→ **Data excerpt**:
<<<<

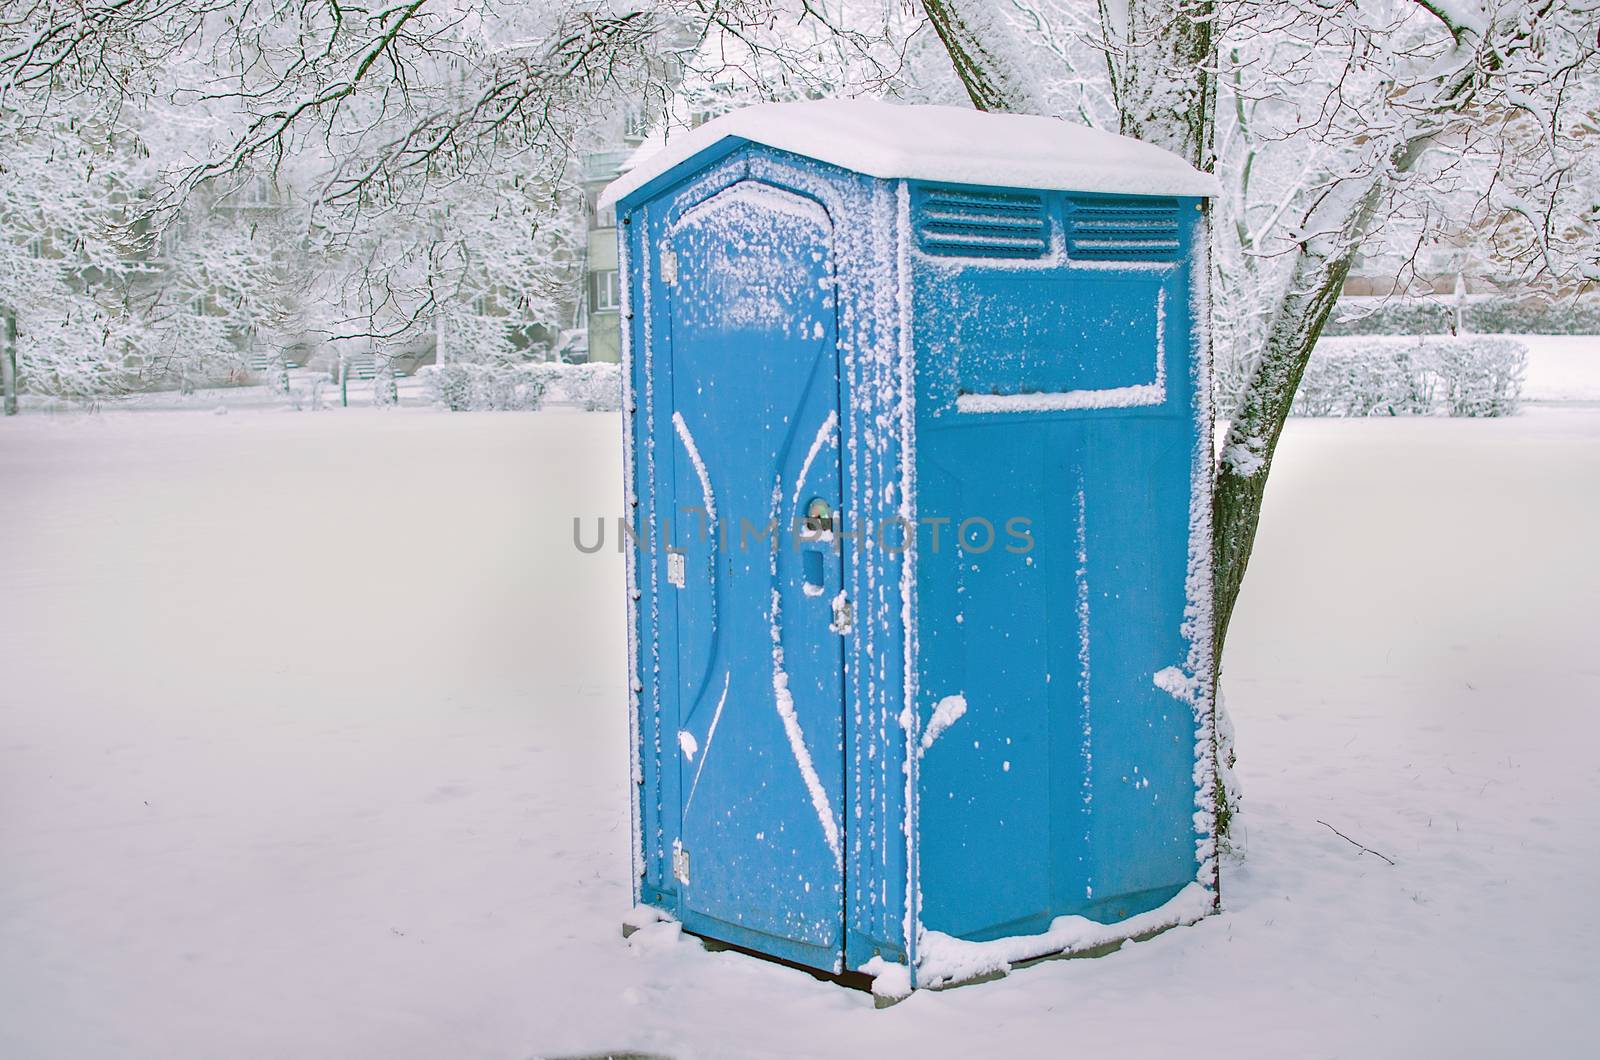 Snow covered blue cabine of bio toilets in the city center. WC. Public  plastic outdoor chemical  toilet in the park in winter time. Hiking services.
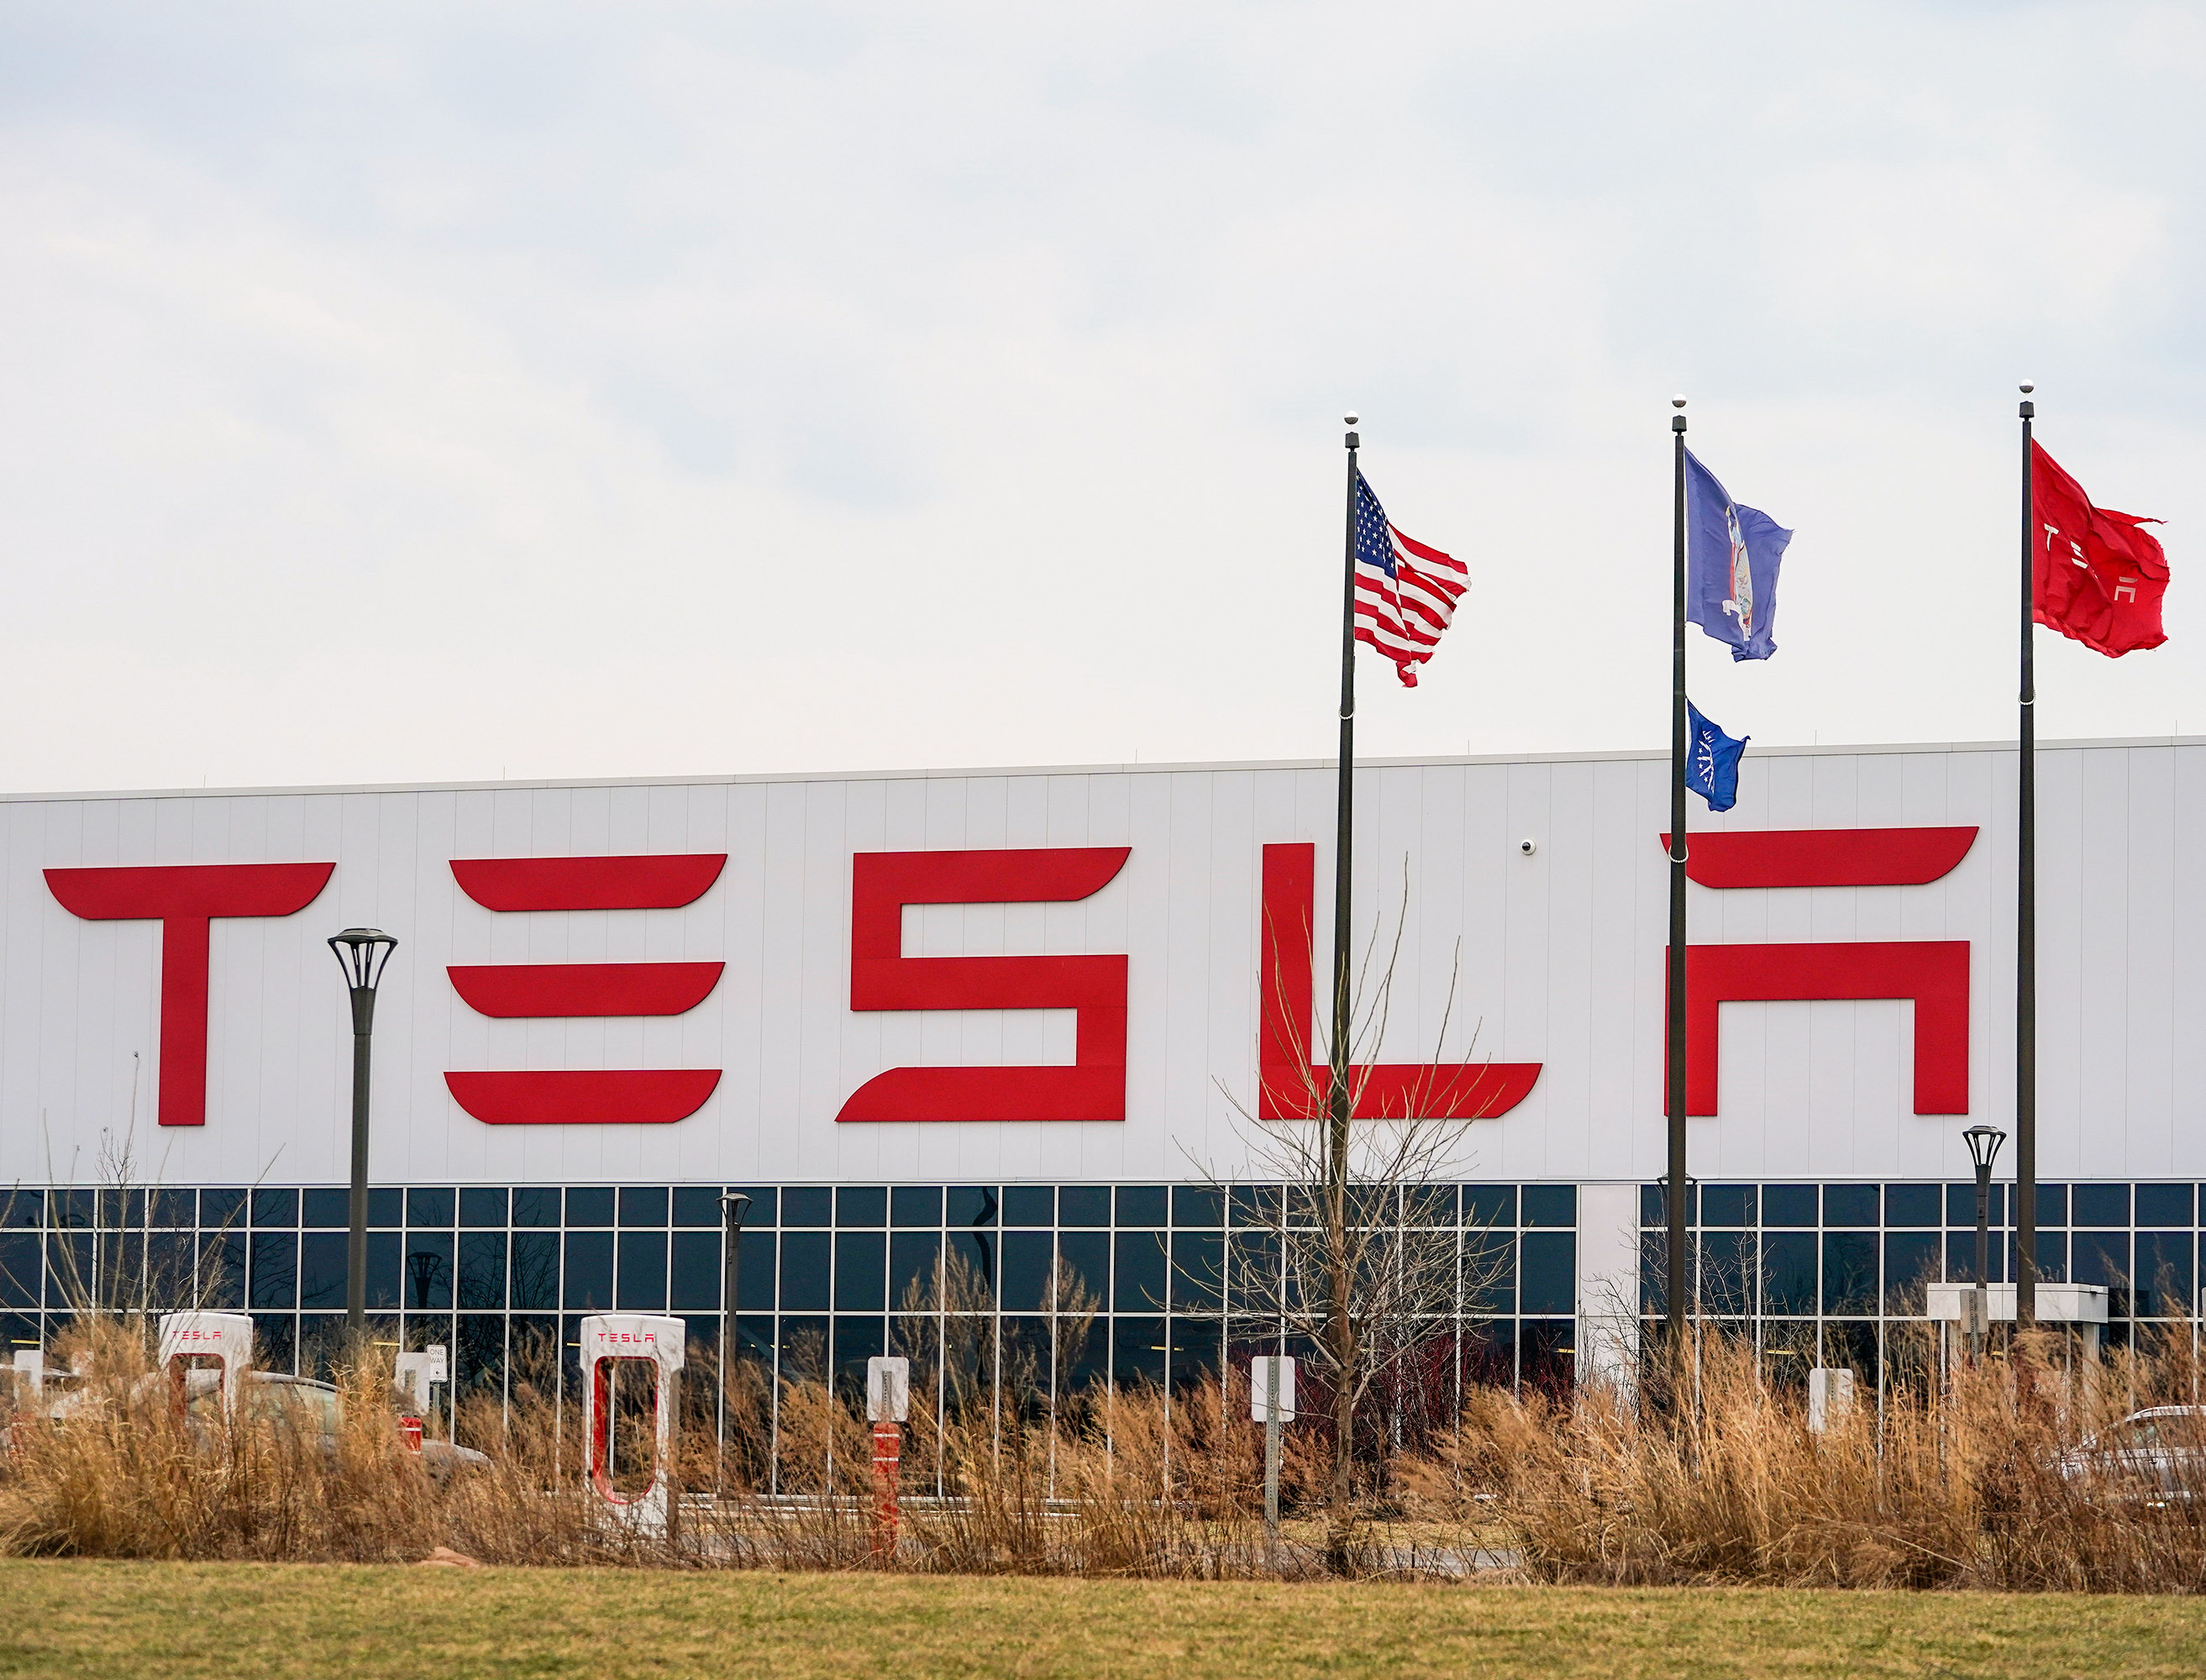 The facade of the Tesla Gigafactory in Buffalo New York, with the Tesla logo in massive letters on the outside.
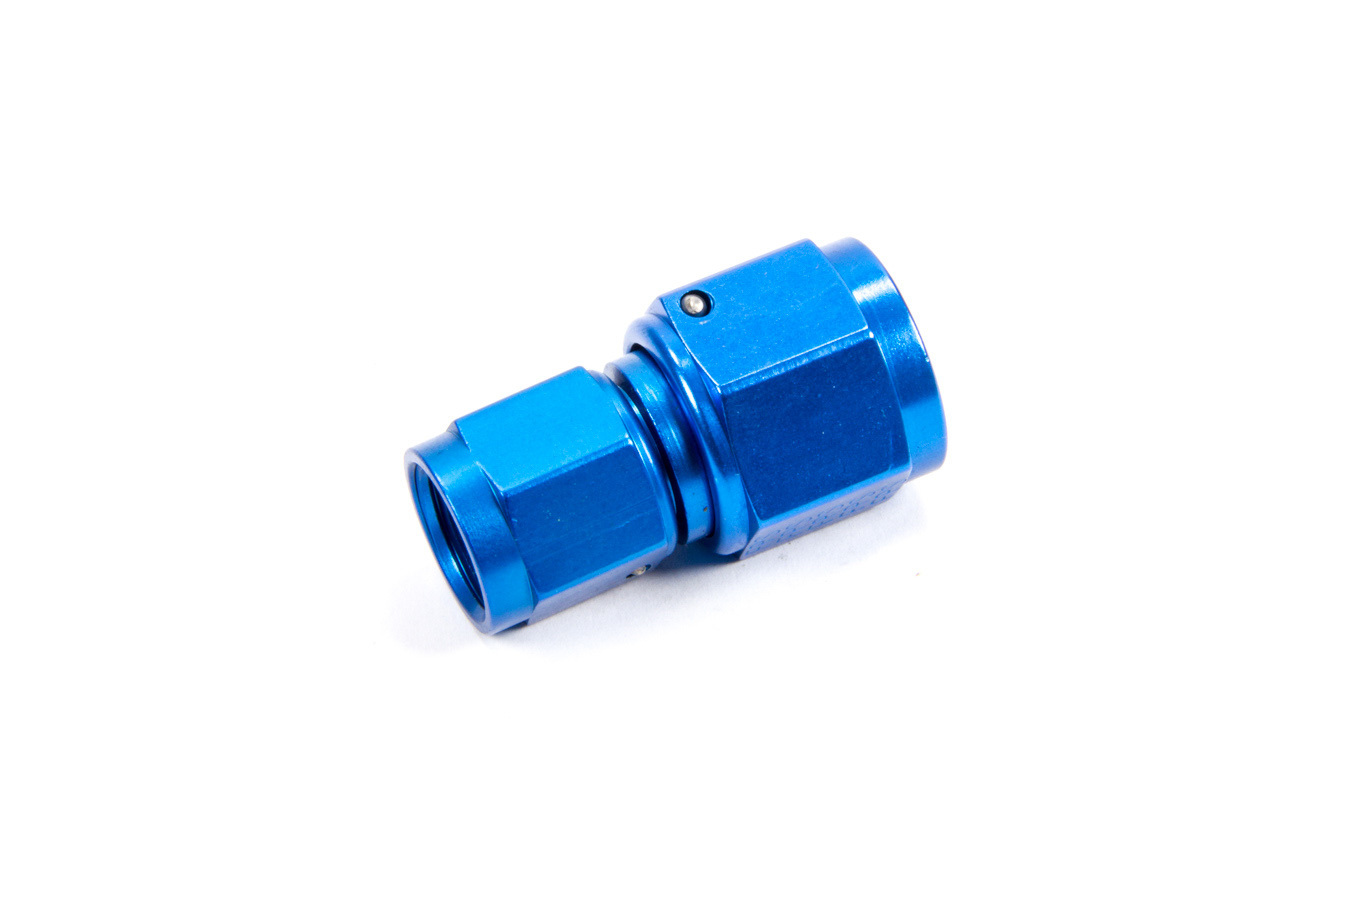 Fragola 496107 Fitting, Adapter, Straight, 6 AN Female Swivel to 8 AN Female Swivel, Aluminum, Blue Anodized, Each
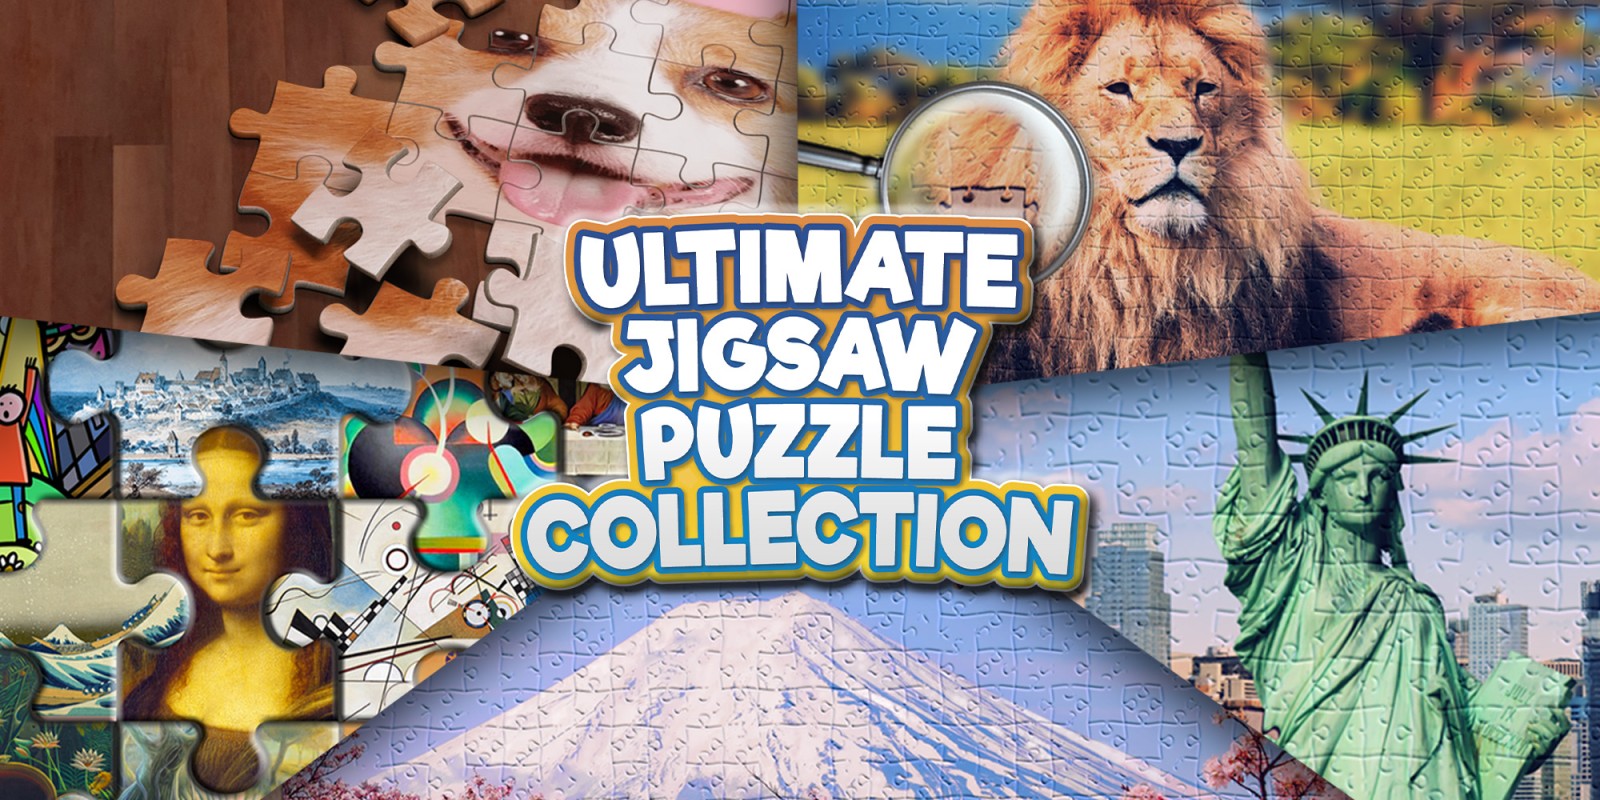 Ultimate Jigsaw Puzzle Collection

>>>>

→ **Exercise directions**: Write out the lines of the material from the one containing "The facade of" through the last, exactly and only those. Leave every picture out.

→ **Result for this task**:
 The facade of the Tesla Gigafactory in Buffalo New York, with the Tesla logo in massive letters on the outside.
 Fragola 496107 Fitting, Adapter, Straight, 6 AN Female Swivel to 8 AN Female Swivel, Aluminum, Blue Anodized, Each
 Ultimate Jigsaw Puzzle Collection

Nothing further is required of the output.